The Pan African Film Festival is already benefiting from the project with the Stocker Street team announcing its platinum sponsorship of the opening night festivities in April.

The opportunity to finance a project that will create meaningful social change is what attracted Jessica Sarowitz, founder and managing partner of 4S Bay Partners, a social impact investment firm based in Chicago, to provide the funding to make it a reality. As a woman of color, Sarowitz seeks out projects around the world that directly benefit people of color with much-needed facilities and resources.

She and her husband have set aside a billion dollars for initiatives that revitalize marginalized communities including converting a former convent into housing for at-risk college students in Philadelphia and establishing a foundation to make grants to communities in need. She says her firm’s investment in the Stocker Street Project is the first one of its kind.

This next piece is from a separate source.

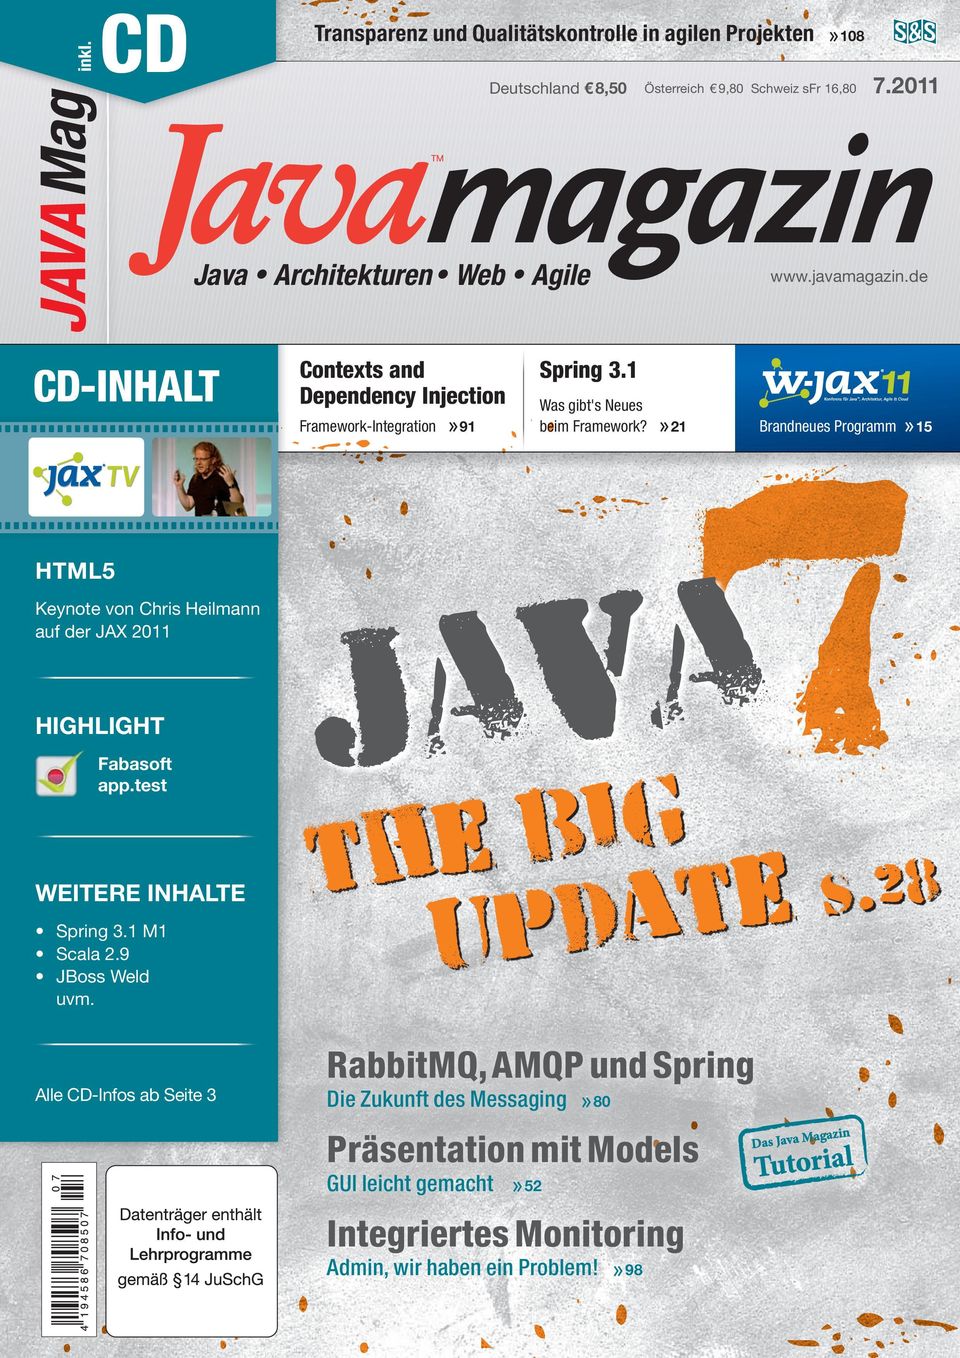 Alle CD-Infos ab Seite 3 7.2011 magazin Java Architekturen Web Agile CD-INHALT» 108» 91 www.javamagazin.de Spring 3.1 Was gibt's Neues beim Framework?

“We look for projects that will contribute to changing structural racism and inequalities, as well as build a wealth-based ecosystem where all members of it can prosper.” Sarowitz said. “Stocker Street Creative will be an inclusive place where members of the local creative community can develop projects that tell their own stories authentically, and without diffusion.”

“The Crenshaw District is an amazing place with an important history of activism, entrepreneurship and creativity in Los Angeles,” Sarowitz added. “It has the people power, the brain power and the cultural richness that makes for a robust community. The Stocker Street Creative project will create a place for people of color to come together to tell important stories, stories that may not have otherwise been told.”

Gil Robertson, president of the African American Film Critics Association, agrees. He says his organization is collaborating with the Stocker Street development team because he supports their efforts to establish South L.A. as a part of the city’s entertainment eco-system.

“The Stocker Street Creative project has great potential to create opportunities for residents of South L.A. to be exposed to the many careers available to them in entertainment,” Robertson said.

That exposure and the career opportunities it creates for young talent is what attracted the Los Angeles Urban League to the project. The local Urban League chapter is also working with the development team to open doors for Black and brown youngsters in the entertainment industry.

“To succeed in a career in film, TV, music, or live events, there is no substitute for hands-on training and on-the-job experience with working professionals,” said Brian Williams, vice president and chief operating officer for the Los Angeles Urban League. “The Stocker Street project gives the Urban League a chance to give best-in-class training and career opportunities to young people who grew up in the shadow of Hollywood, but who otherwise wouldn’t have an entré to these lucrative backstage careers, Williams added.